Row over Australian visa rejection for top researcher
It also highlights the security vetting of postgraduate students at a time when Australian universities are stepping up research collaborations and student exchanges with Asian countries including under its New Colombo Plan, as the case is being seen as ‘unfriendly’ by Indian officials.
Indian officials said last week the government is in “active conversation” with Australian authorities over 'weapons of mass destruction'-linked denials of visas to Indian students.
The latest case concerns SM Ananth, who has an MTech degree from the prestigious Indian Institute of Technology Kanpur.
Ananth secured admission for fully-funded doctoral studies at the department of mechanical engineering, University of Melbourne in Australia, but received a visa rejection mid-July after waiting almost a year.
The letter from the Australian government said he was being refused entry because he was considered "a person whose presence in Australia may be directly or indirectly associated with the proliferation of weapons of mass destruction”.
The issue came to light when Shashi Tharoor, a well-known former UN diplomat, currently the MP representing the Thiruvananthapuram parliamentary constituency where Ananth has his home, wrote to India’s External Affairs Minister Sushma Swaraj.
Tharoor, chairman of the parliamentary standing committee on external affairs, has previously held posts in the Indian government as minister of state in both the external affairs ministry and the human resource development ministry which is responsible for higher education.
He urged Swaraj to take up Ananth’s case directly with her Australian counterpart since the matter went beyond an “individual case” of visa rejection – other cases had also come to light.

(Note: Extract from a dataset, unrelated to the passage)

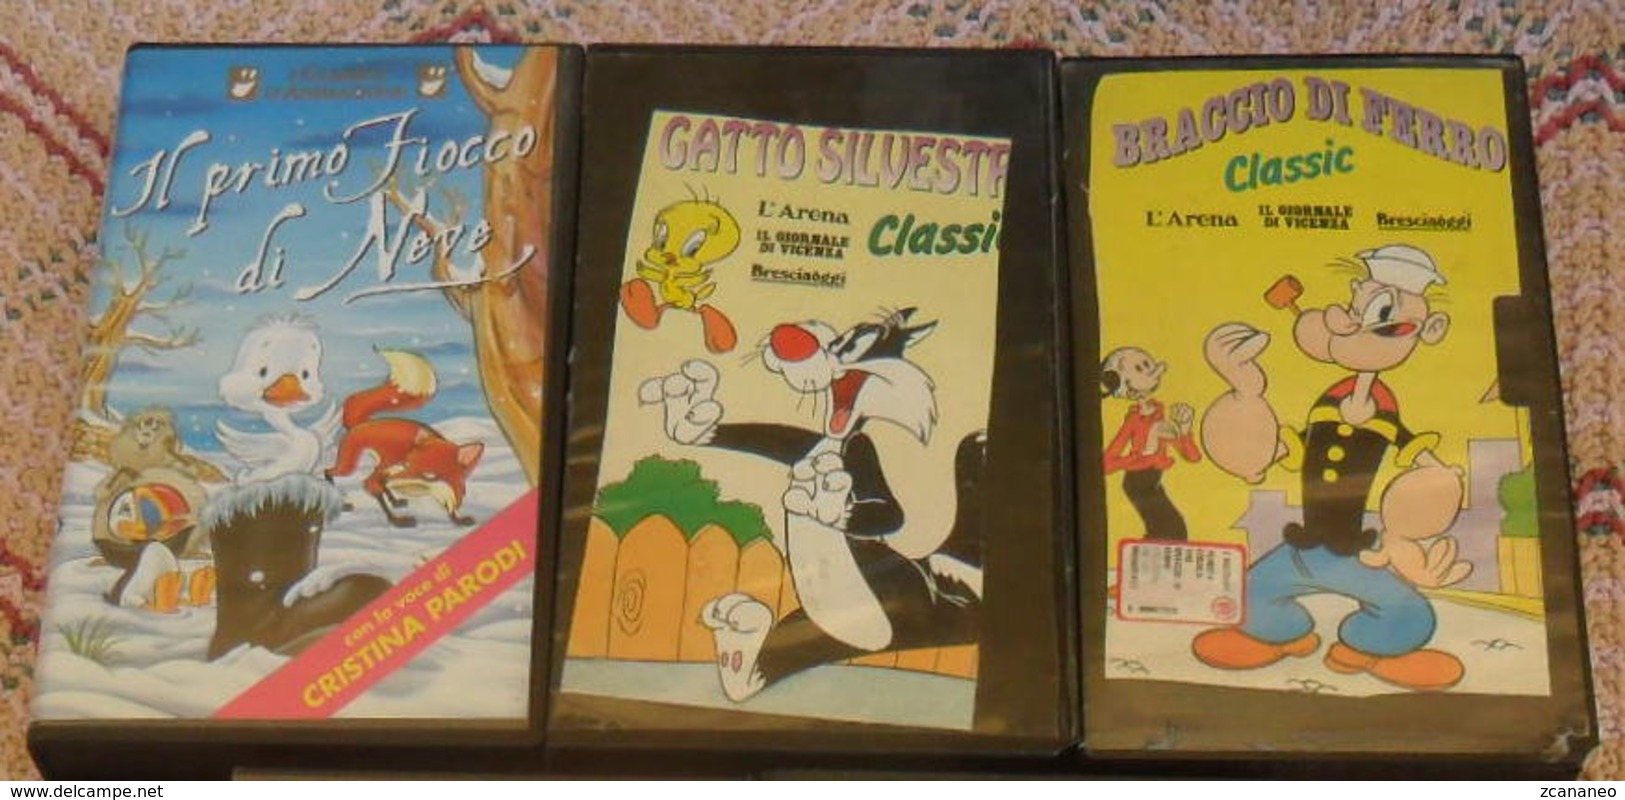 3 VHS CARTONI ANIMATI - BRACCIO DI FERRO - GATTO SILVESTRO - IL PRIMO FIOCCO DI NEVE - - Animatie

"I asked the [Australian] high commissioner [in Delhi] privately over email how an Indian scholar could be subject to such a bizarre suspicion, and stated that such a position is unacceptable since it clubs Indian nationals working in certain sectors with those of rogue nuclear states like North Korea and Pakistan," Tharoor wrote in his letter dated 16 July which he released on Twitter.
He later tweeted he was “outraged” by Australia’s attitude on the matter. Ananth had been sent a letter that “cast suspicion on his motives”, Tharoor said.
Visa denials can be contagious since applicants must state earlier denials by any country and provide details on why an application was rejected.
Ananth believes his troubles may have originated with an earlier visa denial by the United Kingdom government in 2014, after he secured admission and scholarships to study at the engineering departments of both Cambridge and Oxford universities.
“I was denied Academic Technology Approval Scheme (ATAS) clearance even after changing my PhD research topic and re-applying as advised. I ended up losing a whole of 2014 with nothing gained at the end of it,” Ananth told University World News. “And now I am facing similar treatment by the Australian government.”
The UK foreign office’s ATAS vetting scheme for non-European Union students was set up in 2007 requiring mainly postgraduate students offered a place on ‘sensitive’ courses to apply for clearance. According to UK government statistics, some 20,000 postgraduate students applied for such clearance in 2014-15 and around 740 were denied.
But the UK foreign office also advises that the ATAS scheme must not be an “undue barrier” to academic exchange and is aware that it could have a “reputational impact” and affect international relations if the reasons for rejection are not clearly explained.
While Australia’s immigration department did not confirm referring to the UK rejections, its stated policy is that it relies on information from "other agencies".
A high-ranking official in India’s ministry of external affairs said at a media briefing on 17 August there had been “more than one case of visa denial” of Indian researchers admitted to Australian universities. His statements suggested this was now being addressed at a diplomatic level.
The high-ranking official ascribed the problem to “the visa guy signalling differently from the policy guy”.
Australia’s policy was apparent in a press statement by the Australian High Commission in mid-July which said: “We are strong supporters of India’s peaceful use of nuclear energy.” It referred to the 2014 signing by the two countries of the Australia-India Civil Nuclear Cooperation Agreement.
India was subjected to an international embargo on nuclear technology and materials after it exploded a nuclear device in 1974. But that changed in September 2008 when the 45-nation Nuclear Suppliers Group decided to allow India to engage in civilian nuclear trade under a special waiver to rules that included signing on to the Nuclear Non-Proliferation Treaty.
This is small consolation for Ananth and others who were admitted to top universities on the basis of academic excellence, only to be denied visas while being blacklisted as potential 'weapons of mass destruction' proliferators in the bargain.
Faculty members of universities in the UK and Australia as well as Ananth’s professor at the Indian Institute of Technology Kanpur have backed him, clarifying to authorities that his work has nothing to do with weapons of mass destruction.
Professor Richard Sandberg, chair of computational mechanics at the University of Melbourne, wrote to Australia’s Department of Immigration and Border Protection in June to say that Ananth’s proposed project dealt with transport systems and renewable power generation.
He said: “I would like to emphasise that the project is of purely academic nature and in no way involves any classified technology.”
Ananth fears his academic reputation will be tarnished internationally by the debacle.
“We hope this [denial of an Australian visa] won't affect Ananth's chances and we are testing this by applying to another university in another country," Tharoor told University World News.